Marshall now launched a frontal assault on segregation itself. He brought the NAACP’s support to local cases that had arisen when black parents challenged unfair school policies. To do so required remarkable courage. In Clarendon County, South Carolina, Levi Pearson, a black farmer who brought a lawsuit on behalf of his children, saw his house burned to the ground. The Clarendon case attacked not segregation itself but the unequal funding of schools. The local school board spent $i 79 per white child and $43 per black, and unlike white pupils, black children attended class in buildings with no running water or indoor toilets and were not provided with buses to transport them to classes. Five such cases from four states and the District of Columbia were combined in a single appeal that reached the Supreme Court late in 1952.
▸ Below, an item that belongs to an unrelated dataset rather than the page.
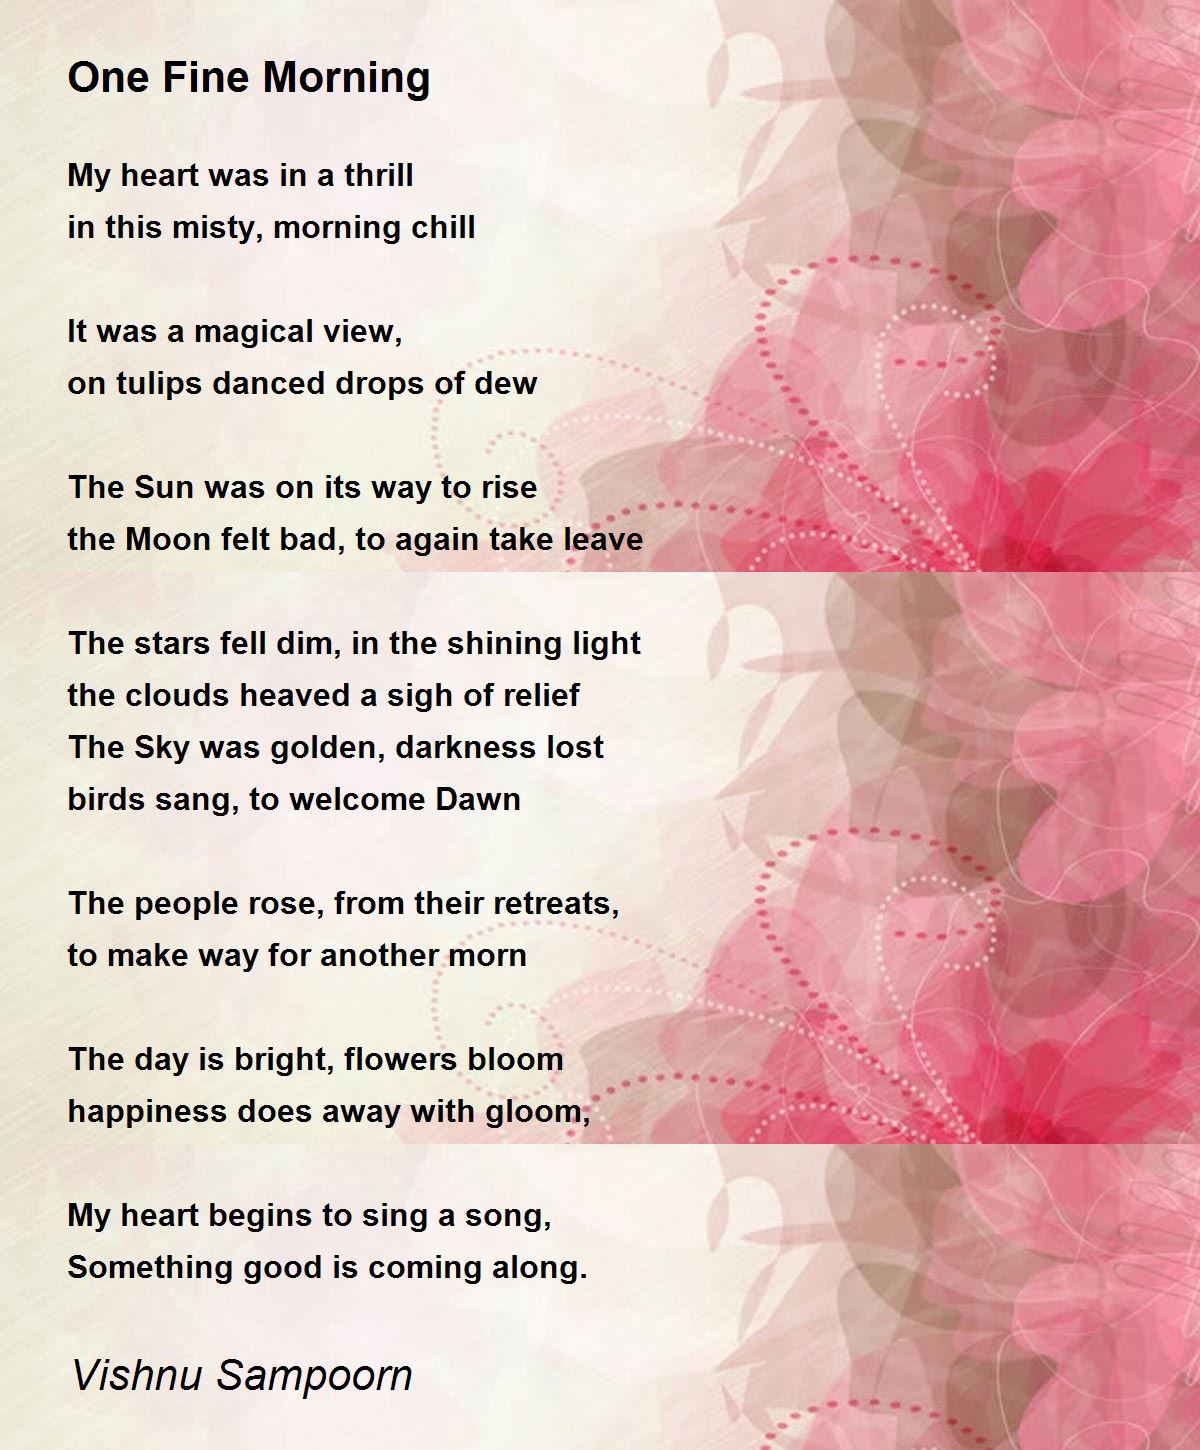 One Fine Morning - One Fine Morning Poem by Vishnu Sampoorn

When cases are united, they are listed alphabetically and the first case gives the entire decision its name. In this instance, the first case arose from a state outside the old Confederacy. Oliver Brown went to court because his daughter, a third grader, was forced to walk across dangerous railroad tracks each morning rather than being allowed to attend a nearby school restricted to whites. His lawsuit became Brown v. Board of Education of Topeka, Kansas.

Thurgood Marshall decided that the time had come to attack not the unfair applications of the “separate but equal” principle but the doctrine itself. Even with the same funding and facilities, he insisted, segregation was inherently unequal since it stigmatized one group of citizens as unfit to associate with others. Drawing on studies by New York psychologists Kenneth and Mamie Clark, Marshall argued that segregation did lifelong damage to black children, undermining their self-esteem. In its legal brief, the Eisenhower administration did not directly support Marshall’s position, but it urged the justices to consider “the problem of racial discrimination... in the context of the present world struggle between freedom and tyranny.” Other peoples, it noted, “cannot understand how such a practice can exist in a country which professes to be a staunch supporter of freedom, justice, and democracy.”
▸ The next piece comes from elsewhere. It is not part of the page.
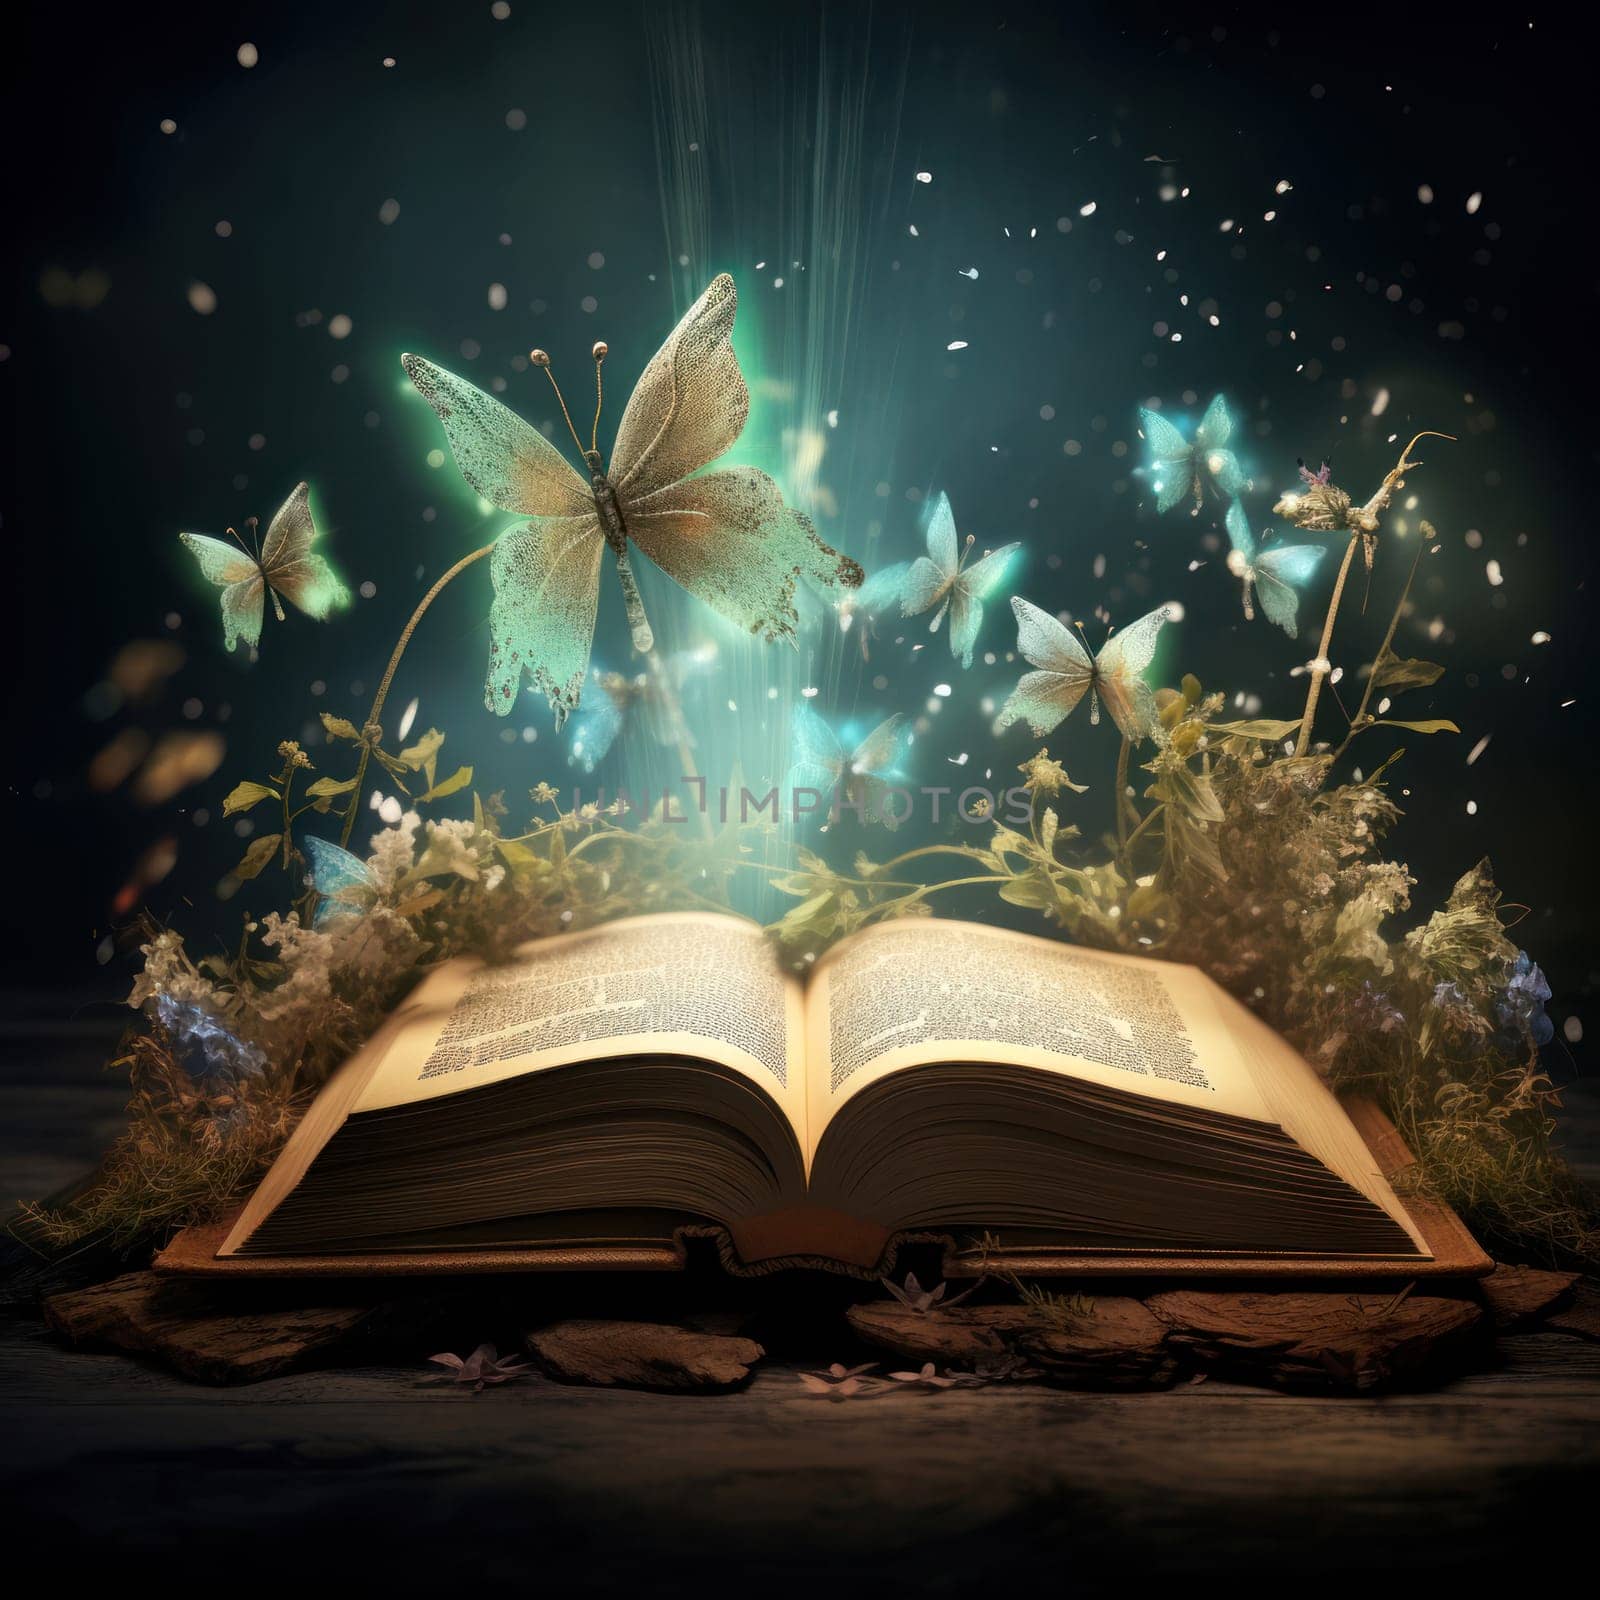 Enchanted Book with Magical Butterflies by ugguggu

The new chief justice, Earl Warren, managed to create unanimity on a divided Court, some of whose members disliked segregation but feared that a decision to outlaw it would spark widespread violence. On May 17, 1954, Warren himself read aloud the decision, only eleven pages long. Segregation in public education, he concluded, violated the equal protection of the laws guaranteed by the Fourteenth Amendment. “In the field of education, the doctrine of ‘separate but equal’ has no place. Separate educational facilities are inherently unequal.”

The black press hailed the Brown decision as a “second Emancipation Proclamation.” And like its predecessor it was in many ways a limited document. The decision did not address segregation in institutions other than public schools or ban all racial classifications in the law, such as statutes prohibiting interracial marriage. It did not address the de facto school segregation of the North, which rested on housing patterns rather than state law. It did not order immediate implementation but instead called for hearings as to how segregated schooling should be dismantled. But Brown marked the emergence of the “Warren Court” as an active agent of social change. And it inspired a wave of optimism that discrimination would soon disappear. “What a wonderful world of possibilities are unfolded for the children,” wrote the black novelist Ralph Ellison.